# Jerk ebay seller



## vansmack2 (Feb 9, 2012)

I feel I need to let you all know of a seller to avoid.

I am letting you all know about an eBay seller that is a jerk, and should be avoided. If there is a problem with your purchase he will not be a stand up person, and make things right. He has had negative feedback before for unresolved problems.

Here is what happened. I bought two Mega-G chassis from the seller nascarslotcars. They arrived in a large envelope with a small flat rate priority mail box inside the envelope. The post office left a postage due notice for $2.81 because of the flat rate box usage. They also wrote that information on the envelope.

I contacted the seller, explained the situation, and he said since I only paid $4.00 for shipping, and he already paid $2.05 to ship this the maximum he would refund was $1.95. I told him he should refund the full $2.81 because he broke post office rules. He refused, and told me to send the two chassis back. I want the chassis, so I am keeping them, but I am not going to pay the post office, since they already delivered them. If they come after me I will tell them it is the sender that owes them the money.

I did open an eBay case for this but eBay was of zero help on this issue, and I told them they need to change their buyer protection plan to cover these type of situations. I also told them I should not have to initiate a return process just to start a case with a problem.

Again, the sellers eBay name is nascarslotcars, and his real name and address is:
SCOTT COVINO
2352 COVINGTON DR,
Myrtle Beach, SC, 29579


----------



## alpink (Aug 22, 2010)

vansmack, yep that guy is a jerk.
has had several ebay accounts. you should bypass your local Post Office and file mailfraud charges against him for that sham.


----------



## RjAFX (Oct 26, 2014)

Thanks for the heads up Dave ... I buy a fair amount of stuff on ebay and I don't need problems with a seller.......If anyone knows the other names he uses on the bay please post them in this thread.

Thanks again Dave.


----------



## sethndaddy (Dec 4, 2004)

Is he the "cheerios" guy?


----------



## alpink (Aug 22, 2010)

Ed, yep, amongst others


----------



## RjAFX (Oct 26, 2014)

sethndaddy said:


> Is he the "cheerios" guy?



Good to know Guys, good to know.


----------



## Punisher2009 (Oct 21, 2015)

Thanks for the heads up as well! I buy most of my stuff off Ebay. Being in Texas there's not a lot of our scale locally. I do get lucky on occasions on craigslist and yard sales, but not often.

JD


----------



## wyatt641 (Jan 14, 2012)

thanks for the name..he will be added to the blockem list.


----------



## AFXRICK (Dec 6, 2008)

His correct name is nascarslotcars.


----------



## zzziippyyy (Jan 20, 2008)

Bad deal, My only question is how was it found out that the priority mail box was in the envelope. Did the envelope come ripped and they saw the box inside?

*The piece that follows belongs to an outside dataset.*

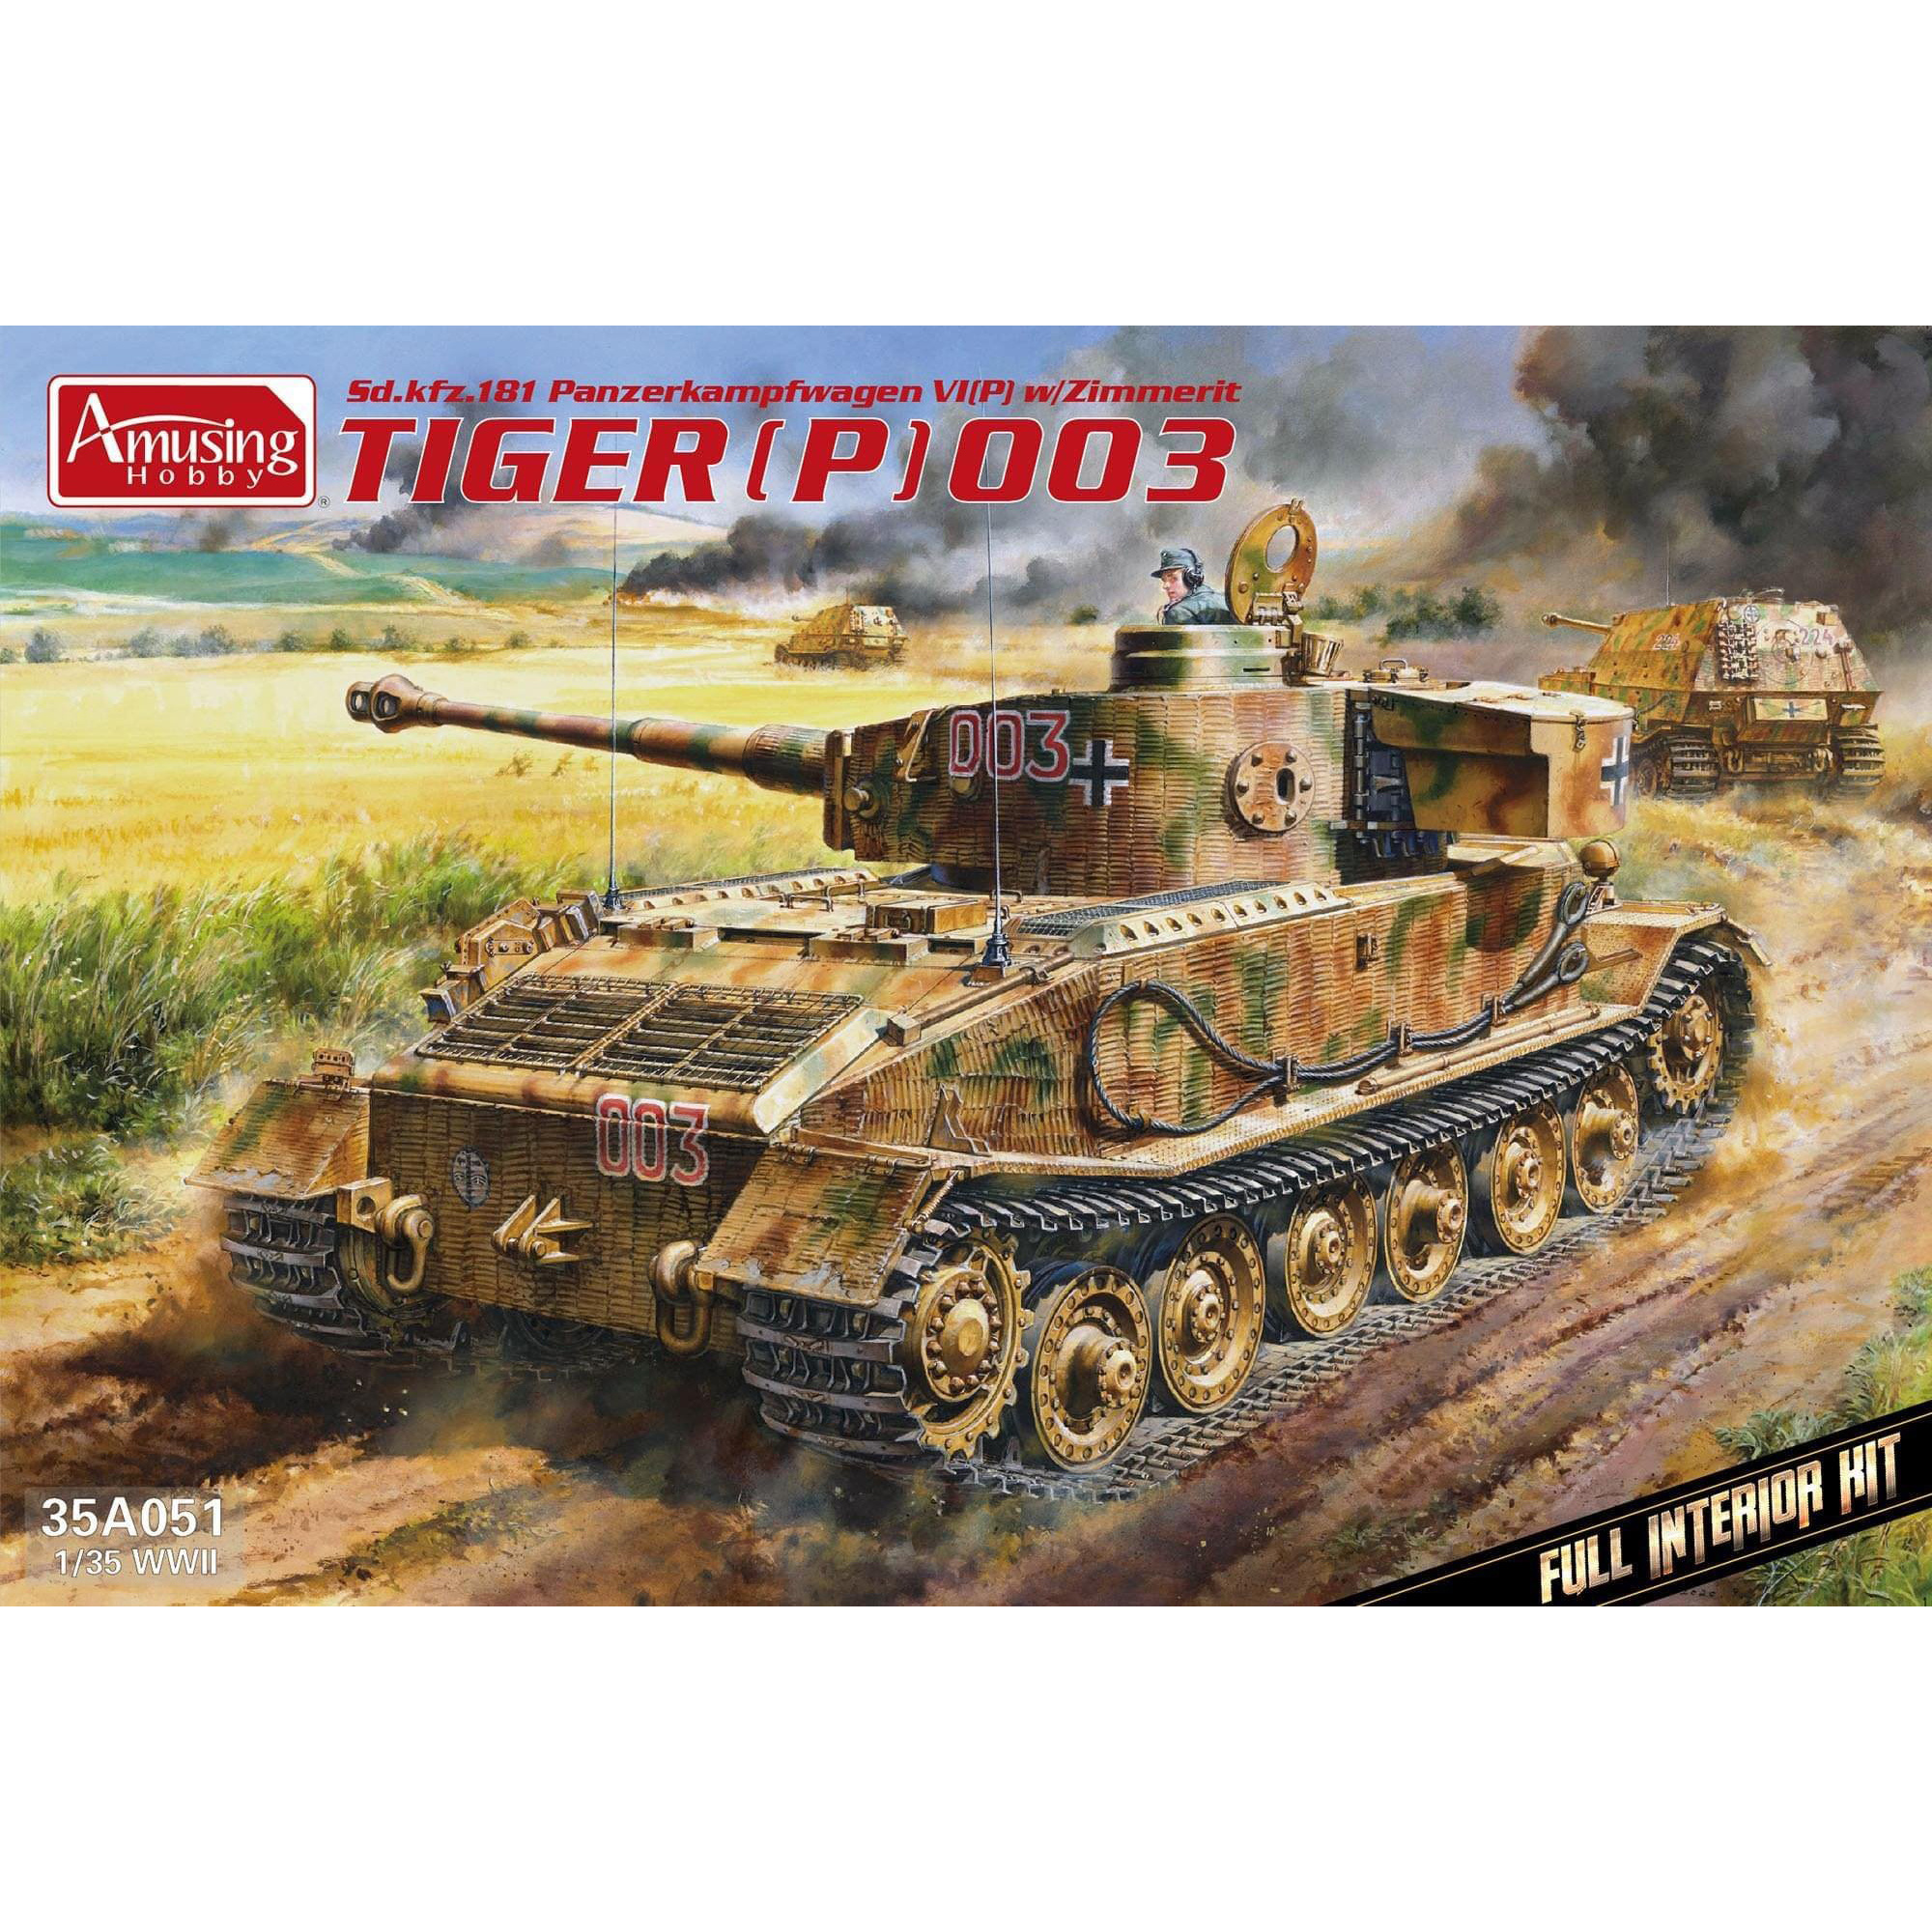 35A051 Amusing Hobby 1/35 Tiger P Tank (003)

Other than that it should not be done. I guess your only recourse is to leave a neg but I don't think that will deter the normal auction bidders from buying from him as almost every auction seller has a few negs along the line. 

Honestly posting the info here amongst collectors will actually hurt him more in the long run as we will make note as a community and avoid the seller so thanks for the info.

Sorry it happened to you.


----------



## vansmack2 (Feb 9, 2012)

AFXRICK said:


> His correct name is nascarslotcars.


Fixed in original post. Thanks.


----------



## vickers83 (Mar 8, 2010)

Except his name was always Craig Covino, Don`t know who scott is.....


----------



## alpink (Aug 22, 2010)

vickers, you are correct....
his middle name?
his son?
his brother?
his Dad?


----------



## Boosted-Z71 (Nov 26, 2007)

I have had several shipping deals like that with insufficient postage (our little town PO weighs every package) but have always been paid shipping difference and sometimes refunded the shipping costs altogether by the sellers when I sent them the info, just like you did. I have also had several where postage was due that I paid, they were all under $0.50 and I did not want to mess with it, but I still sent the seller an email to let them know, Sellers need to know if possibly there is a postage issue so they can correct it on the next package, especially if they are printing their own postage values. 

Boosted


----------



## vansmack2 (Feb 9, 2012)

Boosted-Z71 said:


> I have had several shipping deals like that with insufficient postage (our little town PO weighs every package) but have always been paid shipping difference and sometimes refunded the shipping costs altogether by the sellers when I sent them the info, just like you did. I have also had several where postage was due that I paid, they were all under $0.50 and I did not want to mess with it, but I still sent the seller an email to let them know, Sellers need to know if possibly there is a postage issue so they can correct it on the next package, especially if they are printing their own postage values.
> 
> Boosted


I have had a couple of postage due packages in the past. One of these was recent. The seller misjudged the weight of the package, so it was a little more. The couple of times this happened sellers made it right without a problem. Since it is for so little that makes sense. 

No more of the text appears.